The meeting took place nearly midway between Sea-view Cottage and North Shingles. Captain Wragge took off his tall white hat and opened the interview immediately on the friendliest terms.

"Good-morning, Mrs. Lecount," he said, with the frank and cheerful politeness of a naturally sociable man. "Good-morning, Mr. Vanstone; I am sorry to see you suffering to-day. Mrs. Lecount, permit me to introduce my niece -- my niece, Miss Bygrave. My dear girl, this is Mr. Noel Vanstone, our neighbor at Sea-view Cottage. We must positively be sociable at Aldborough, Mrs. Lecount. There is only one walk in the place (as my niece remarked to me just now, Mr. Vanstone); and on that walk we must all meet every time we go out. And why not? Are we formal people on either side? Nothing of the sort; we are just the reverse. You possess the Continental facility of manner, Mr. Vanstone -- I match you with the blunt cordiality of an old-fashioned Englishman -- the ladies mingle together in harmonious variety, like flowers on the same bed -- and the result is a mutual interest in making our sojourn at the sea-side agreeable to each other. Pardon my flow of spirits; pardon my feeling so cheerful and so young. The Iodine in the sea-air, Mrs. Lecount -- the notorious effect of the Iodine in the sea-air!"

"You arrived yesterday, Miss Bygrave, did you not?" said the housekeeper, as soon as the captain's deluge of language had come to an end.

She addressed those words to Magdalen with a gentle motherly interest in her youth and beauty, chastened by the deferential amiability which became her situation in Noel Vanstone's household. Not the faintest token of suspicion or surprise betrayed itself in her face, her voice, or her manner, while she and Magdalen now looked at each other. It was plain at the outset that the true face and figure which she now saw recalled nothing to her mind of the false face and figure which she had seen in Vauxhall Walk. The disguise had evidently been complete enough even to baffle the penetration of Mrs. Lecount.

"My aunt and I came here yesterday evening," said Magdalen. "We found the latter part of the journey very fatiguing. I dare say you found it so, too?"

She designedly made her answer longer than was necessary for the purpose of discovering, at the earliest opportunity, the effect which the sound of her voice produced on Mrs. Lecount.
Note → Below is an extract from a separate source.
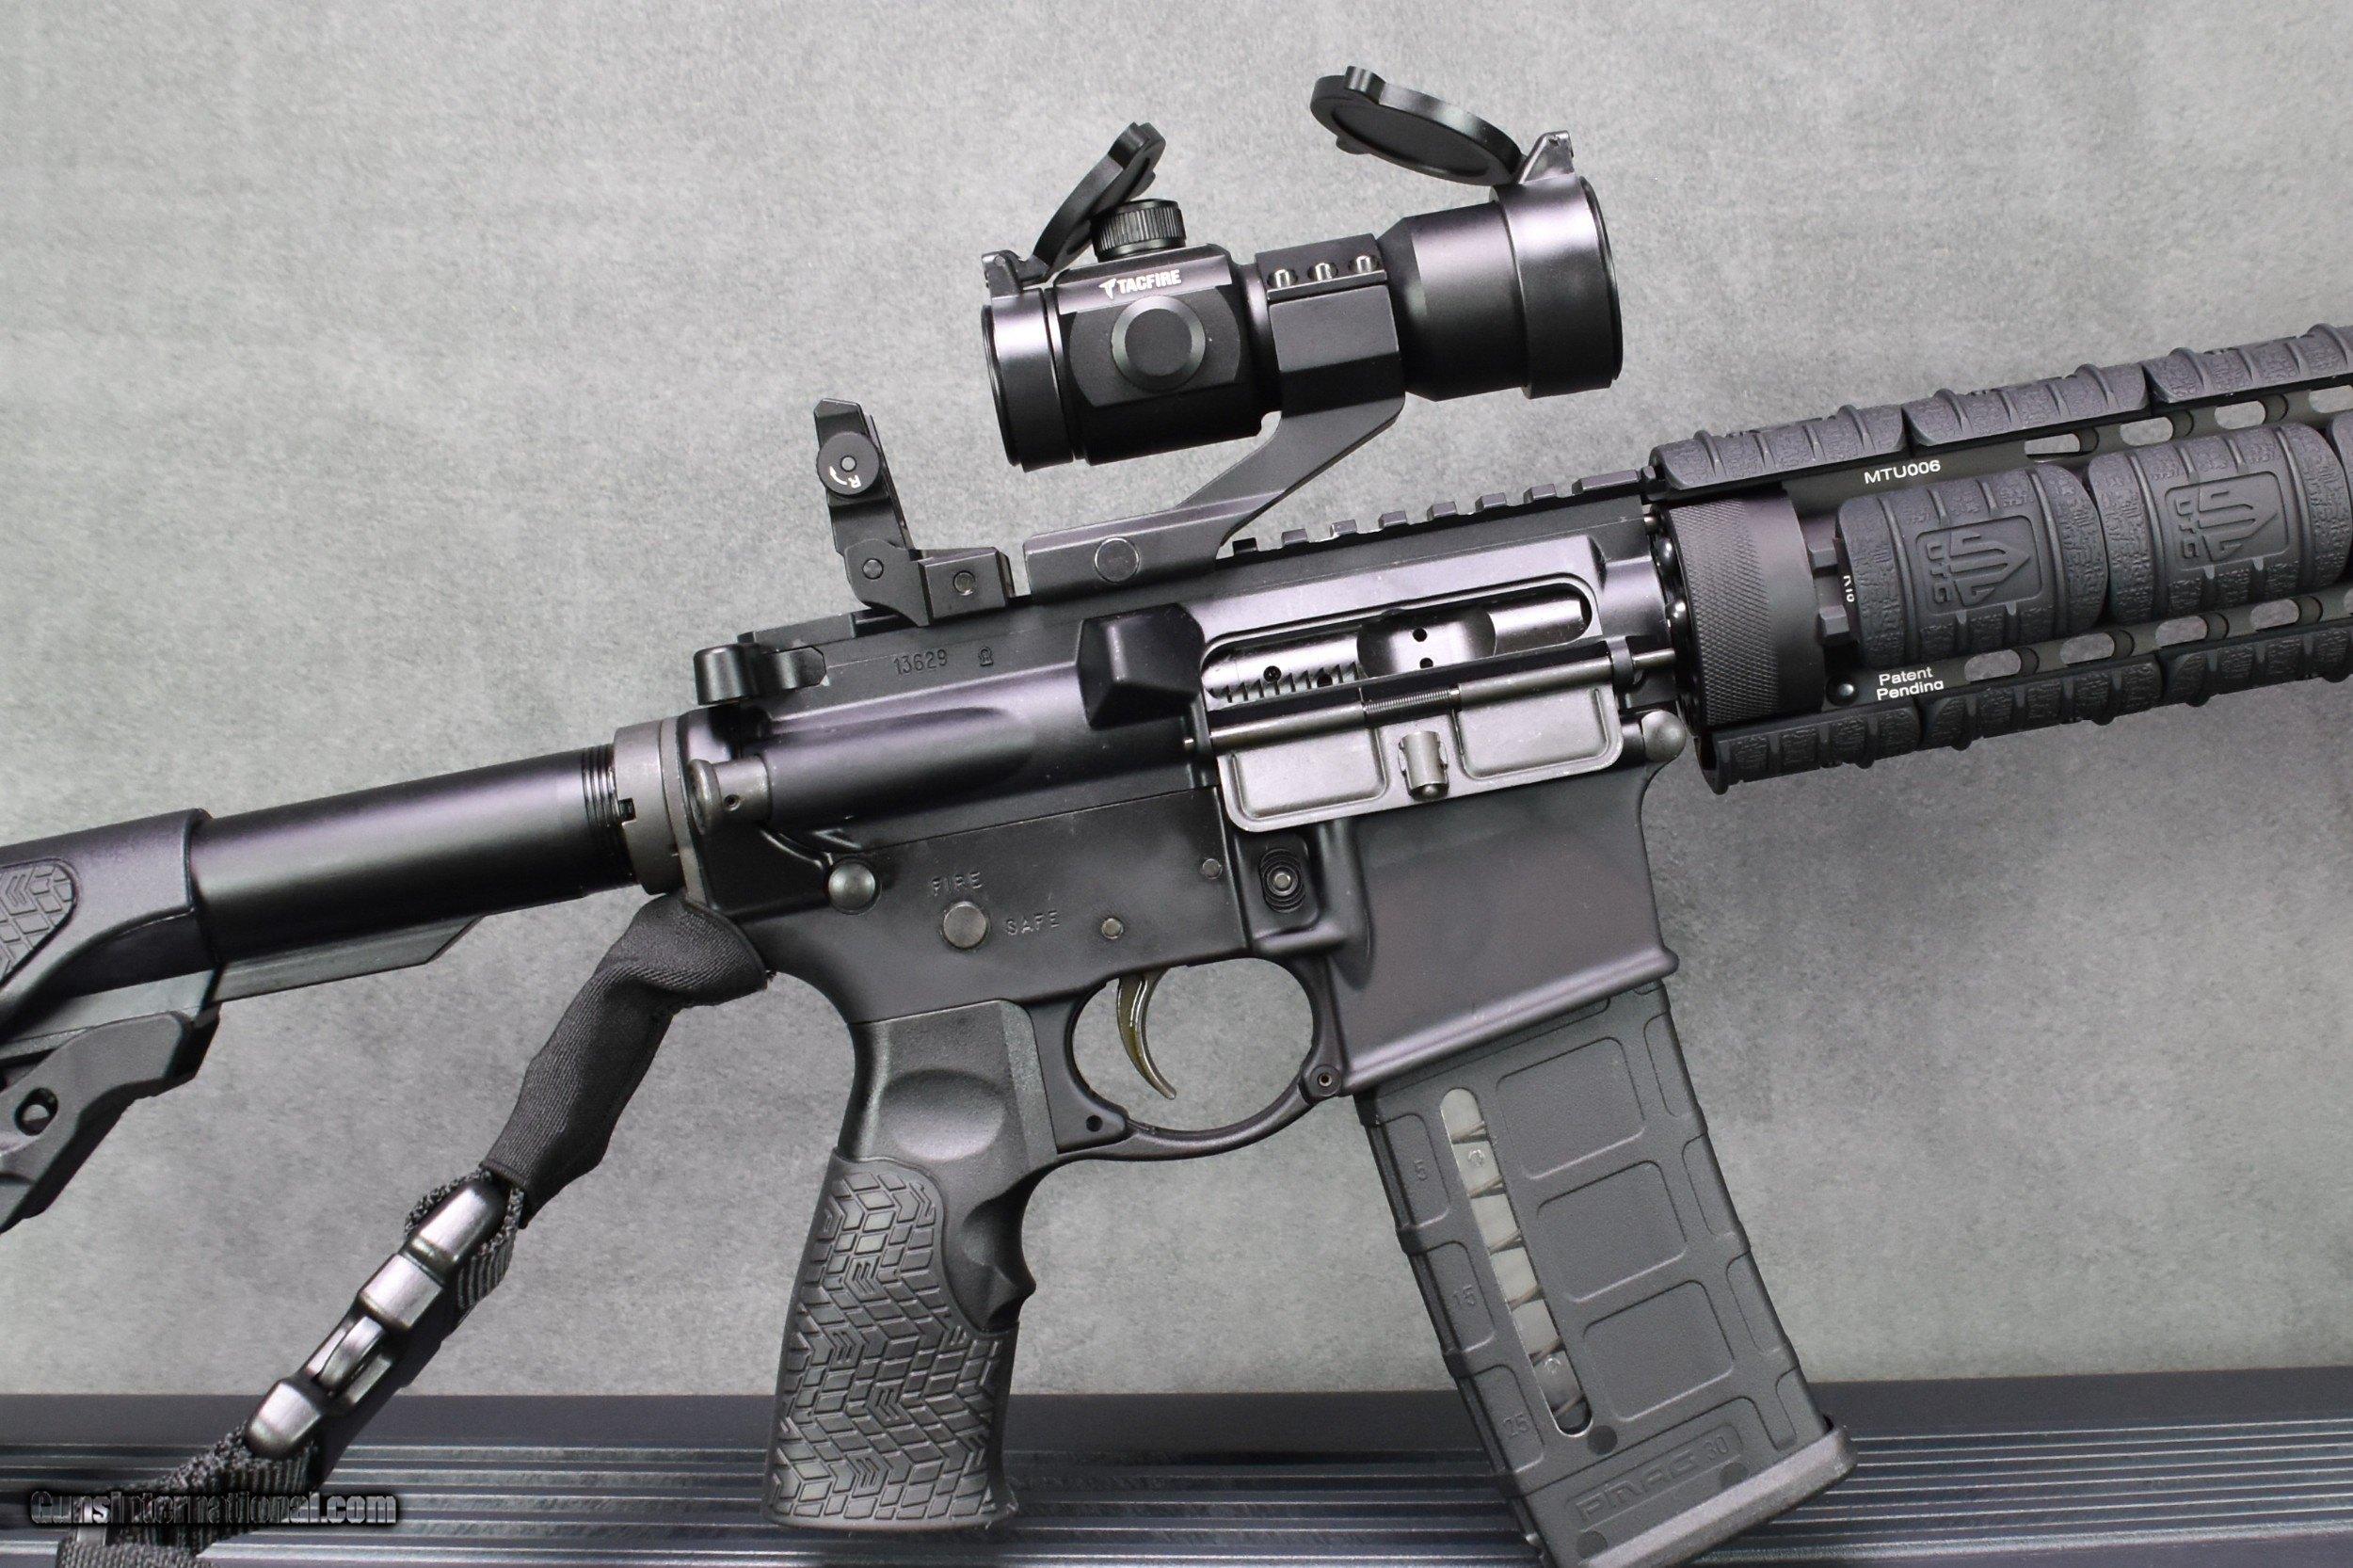 Light Carbine Colt Le6920 Vs Le6900 Wwwtollebildcom
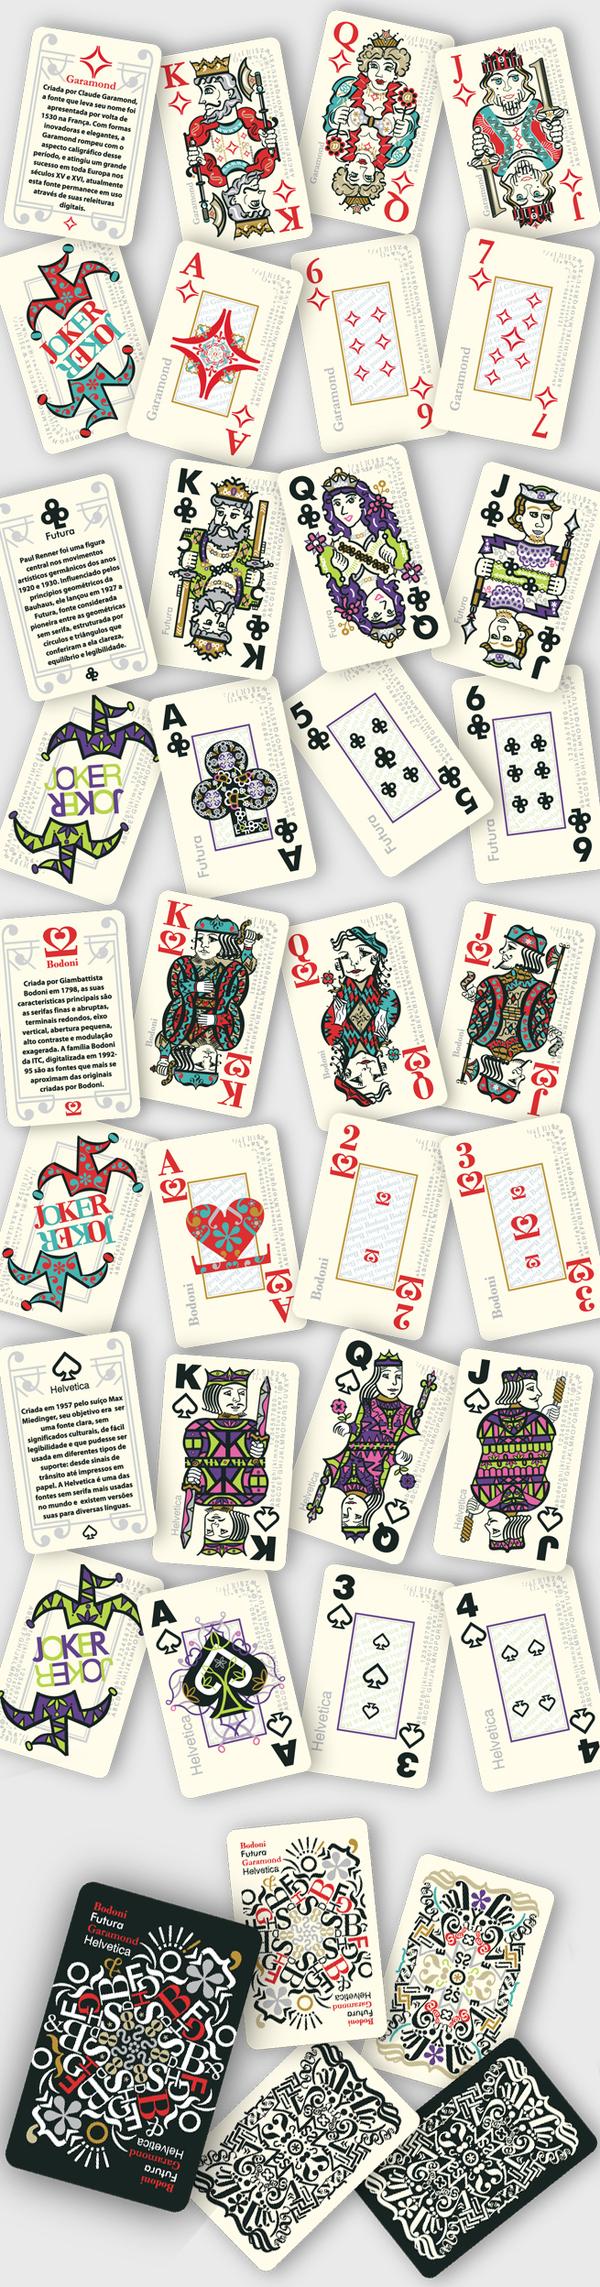 Baralho Tipográfico - Typographic deck by Adriana Amaral Pepplow, via Behance

The housekeeper's thin lips maintained their motherly smile; the housekeeper's amiable manner lost none of its modest deference, but the expression of her eyes suddenly changed from a look of attention to a look of inquiry. Magdalen quietly said a few words more, and then waited again for results. The change spread gradually all over Mrs. Lecount's face, the motherly smile died away, and the amiable manner betrayed a slight touch of restraint. Still no signs of positive recognition appeared; the housekeeper's expression remained what it had been from the first -- an expression of inquiry, and nothing more.

"You complained of fatigue, sir, a few minutes since," she said, dropping all further conversation with Magdalen and addressing her master. "Will you go indoors and rest?"

The proprietor of Sea-view Cottage had hitherto confined himself to bowing, simpering and admiring Magdalen through his half-closed eyelids. There was no mistaking the sudden flutter and agitation in his manner, and the heightened color in his wizen little face. Even the reptile temperament of Noel Vanstone warmed under the influence of the sex: he had an undeniably appreciative eye for a handsome woman, and Magdalen's grace and beauty were not thr own away on him.

"Will you go indoors, sir, and rest?" asked the housekeeper, repeating her quest ion.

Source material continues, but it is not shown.